■ Dataset section ■
=======
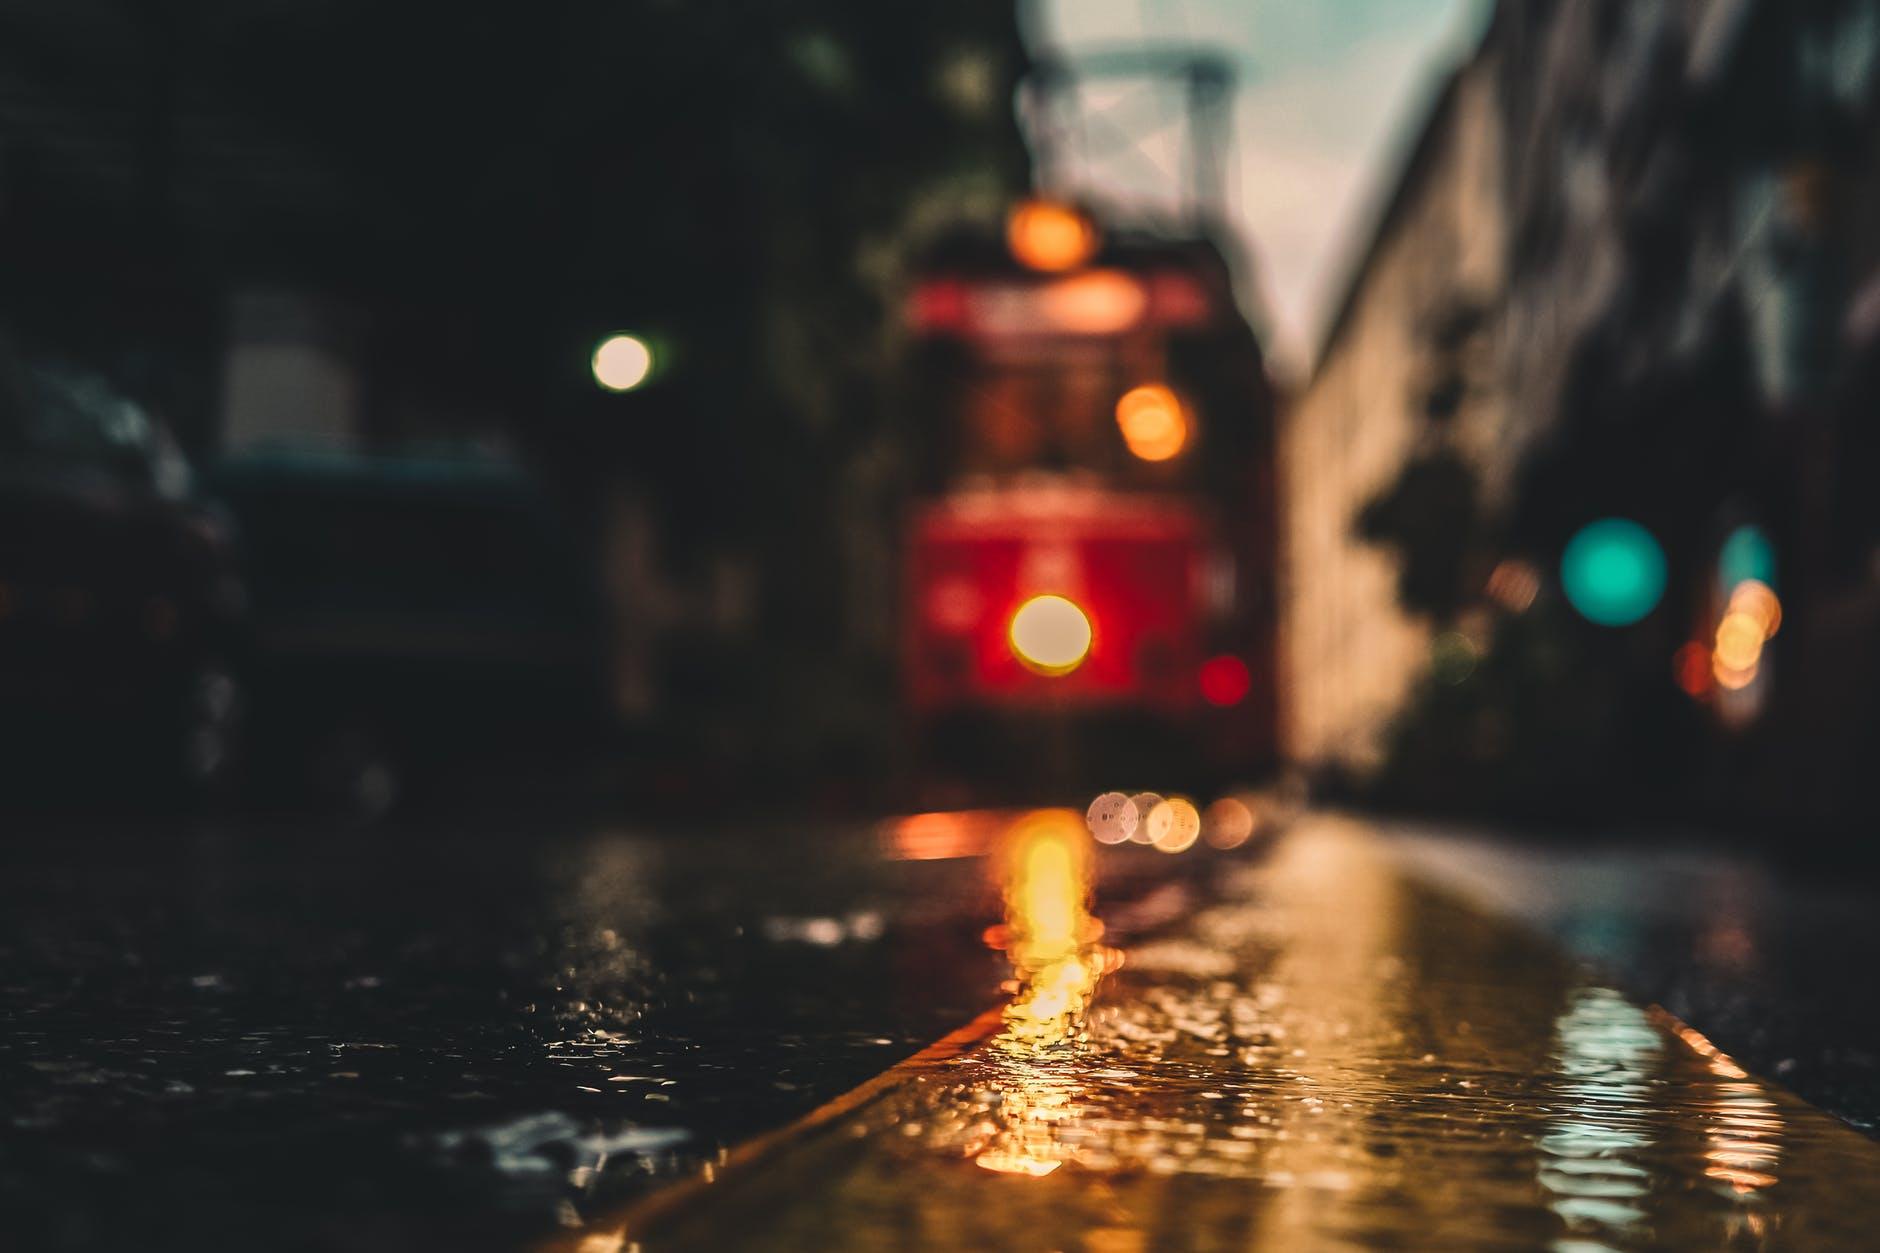 asphalt blur blurred blurry
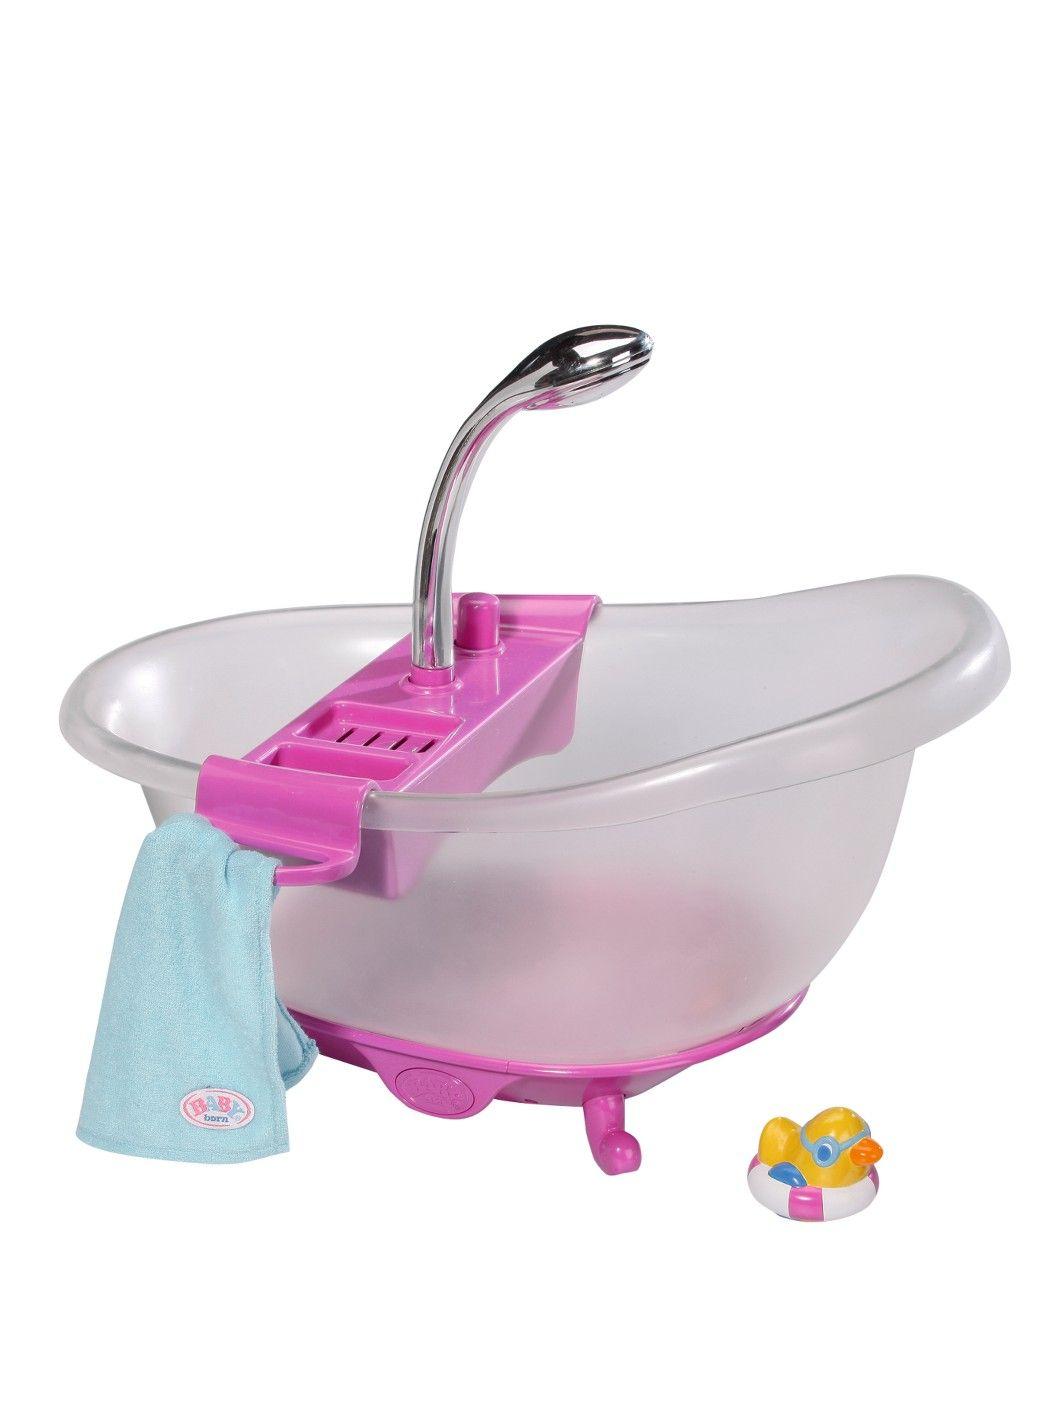 Baby Born Interactive Bath Tub | isme.com | Ayla birthday ...
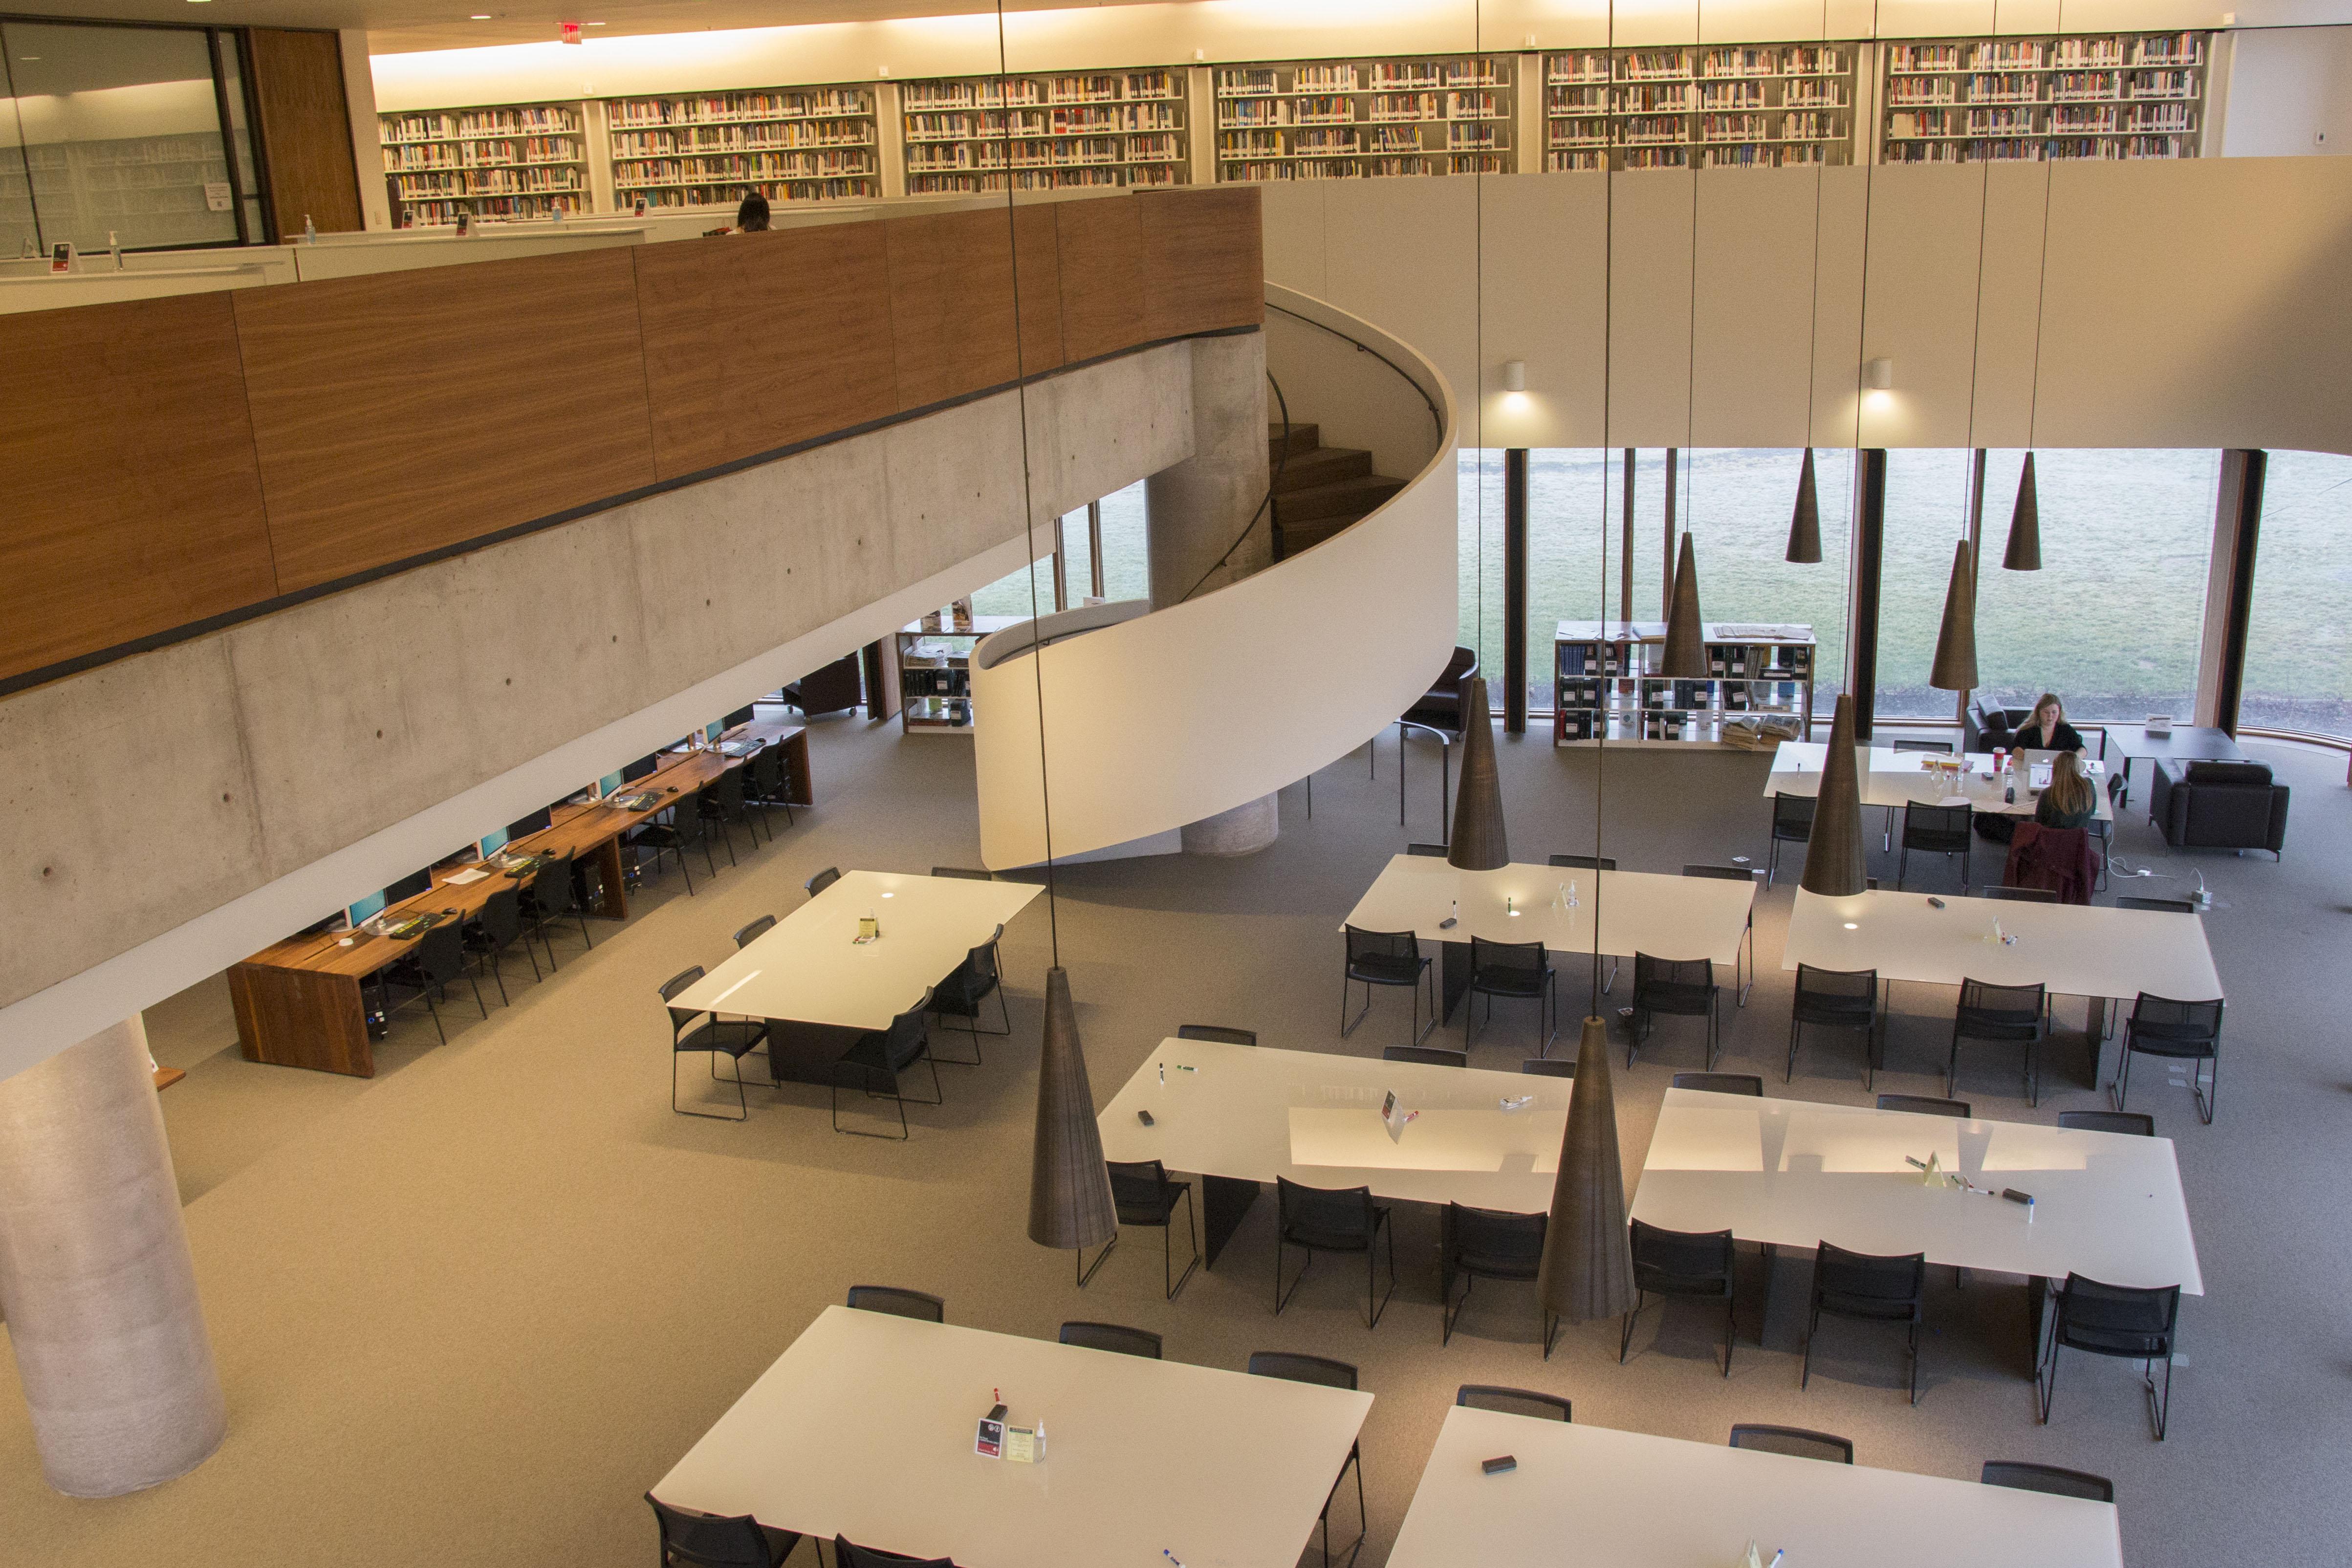 view of main floor from mezzanine
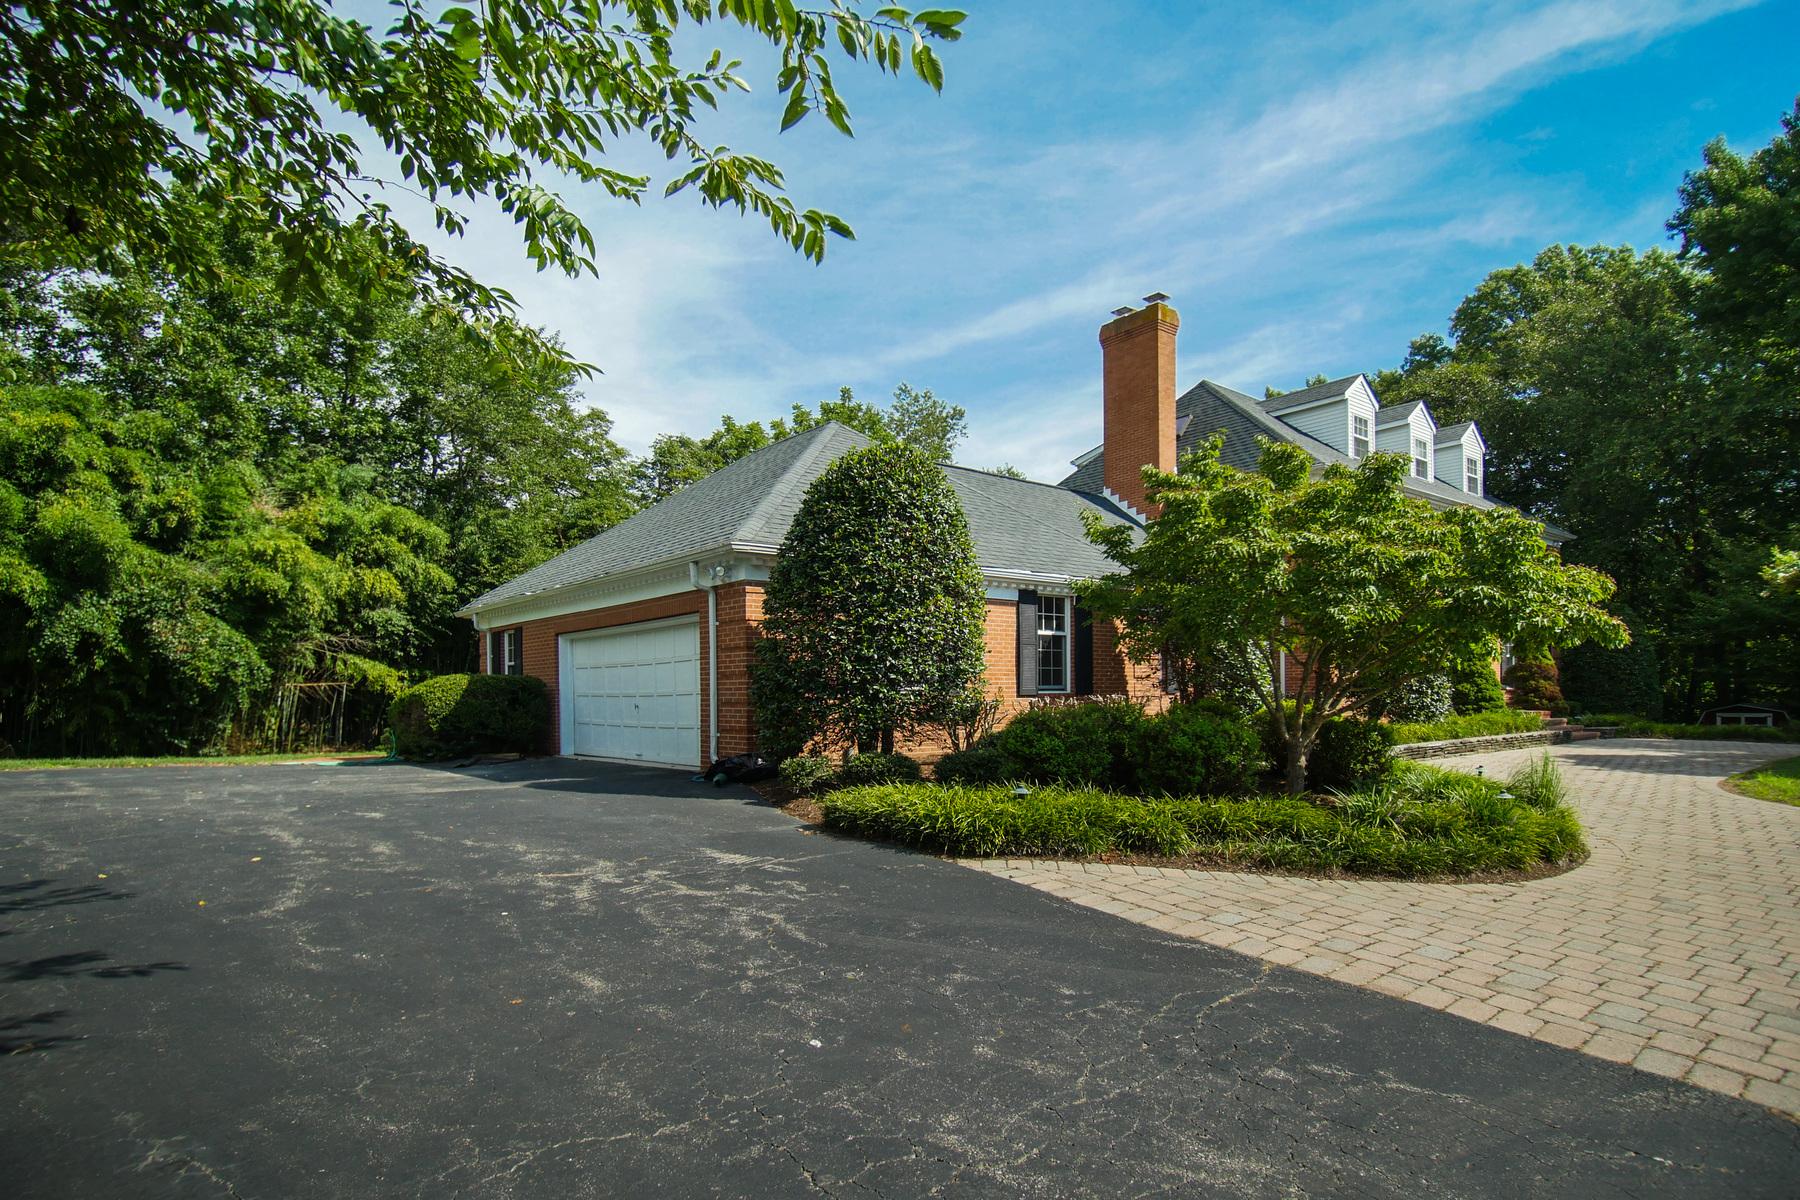 Additional photo for property listing at 576 Stocketts Run Road, Davidsonville 576 Stocketts Run Rd Davidsonville, メリーランド 21035 アメリカ合衆国
=======
■ Exercise ■
I need the lines from the line holding "view of main floor from mezzanine" through the end of the material, inclusive, restated word for word and without pictures.

■ Problem solution ■
 view of main floor from mezzanine
 Additional photo for property listing at 576 Stocketts Run Road, Davidsonville 576 Stocketts Run Rd Davidsonville, メリーランド 21035 アメリカ合衆国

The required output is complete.